– Ладно, – неожиданно громко произнес Эдип, строго взглянув на сыновей. – Никто из вас не знает и не может знать, зачем царь проводит все время в библиотеке. Никому из вас не дано понять, почему царь выслушивает нищего прорицателя. Вам остается лишь строить догадки и терпеть. Ступайте, сегодня вы получите от меня решение, ступайте и не сердите царя, царский гнев страшнее пены на губах умирающего от чумы, ступайте.
ты бы желал быть таким каков я ты бы желал но ты не будешь как я единственный способ стать мной это стать мной в действительности войти в мое тело избрать мой путь я напуган и измучен но нет ничего сладостней знания и даже любовь тебе никогда не даст той легкости никогда не оторвет тебя от земли никогда не поднимет тебя над чревом твоей матери и не освободит от мыслей о могиле лишь зрение рвущееся точно сильные стебли лиан сквозь траурную повязку я и сам хотел бы сделать тебя собой но я избегаю убийства только потому что оно разрушает строгую ткань существования оно проверчивает дыру в бытии дырявит бытие разрывает орнамент и нарушает упорядоченные повторения я не дам убить себя для того чтобы тебе было легче бедный мой царь стоящий по колено в горячей сукровице пашни играй играй моя арфа зови зови меня страждущий и великолепный
В залу вошел гонец, лицо его было медным от сочной дорожной пыли, одежда – в грязи и в копоти, но сквозь копоть и грязь Эдип смог разглядеть белую тунику, подшитую коринфской узорной тесьмой. Этот человек наверняка прибыл от коринфского царя Полиба. Торопливо поклонившись и с печалью скрестив ладони на груди, незнакомец сообщил, что Полиб умер.
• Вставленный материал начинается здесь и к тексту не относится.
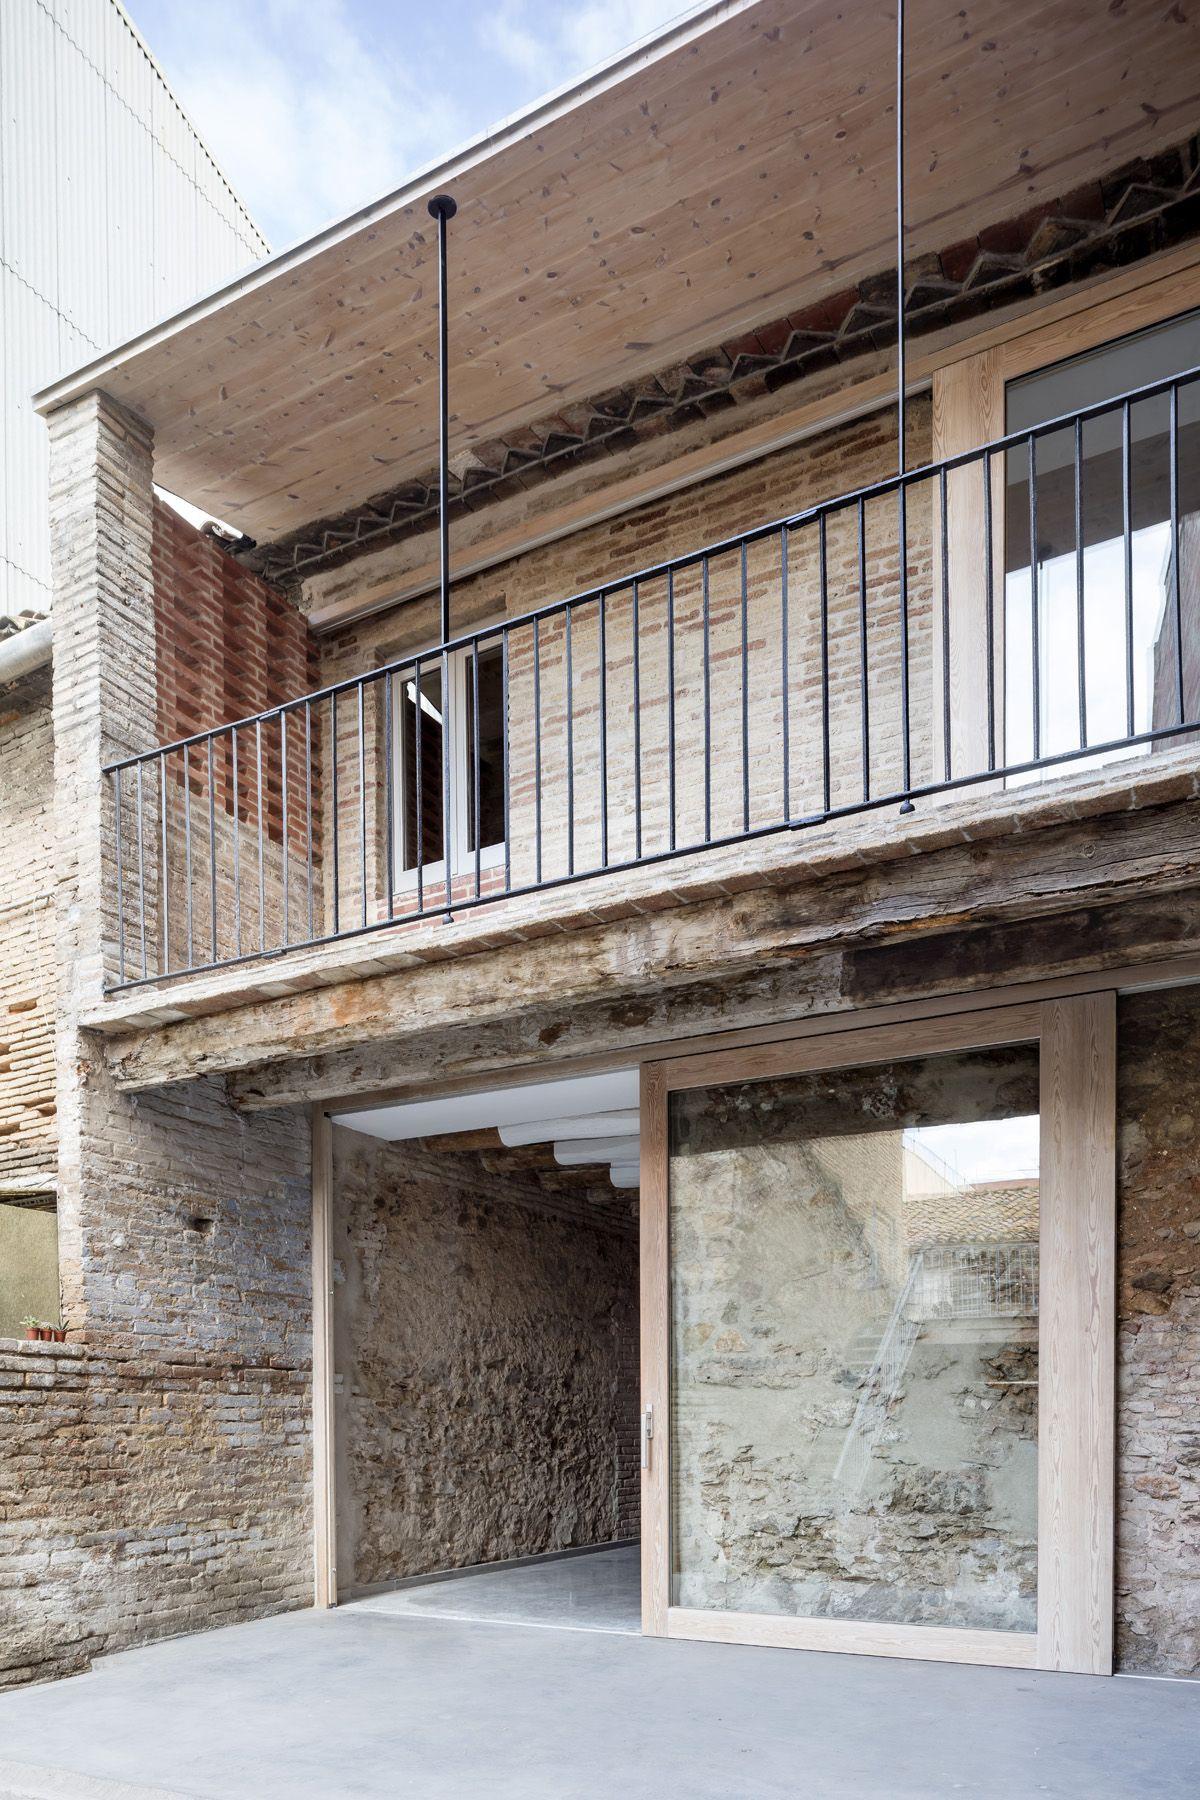 stepienybarno-stepien-y-barno-arquitectura-ProyectoDelDia-Afasia-adria-goula-dataae

В следующее же мгновение Эдип поднялся и, подойдя к гонцу, схватил его за плечи. Он будто не мог понять, что ему сообщили, он пытался вглядеться в лицо гонца, но черты его, искаженные усталостью, как бы ускользали от внезапно ослабевшего зрения Эдипа, который, силясь узнать незнакомца, уже разжал пальцы и сделал шаг назад. Теперь только Эдип заметил, что голова гонца – крупная, круглая – чисто выбрита, а небольшая неправильная ямка, венчающая темя, вымазана чем-то черным и густым, скорее всего, скорбным пеплом.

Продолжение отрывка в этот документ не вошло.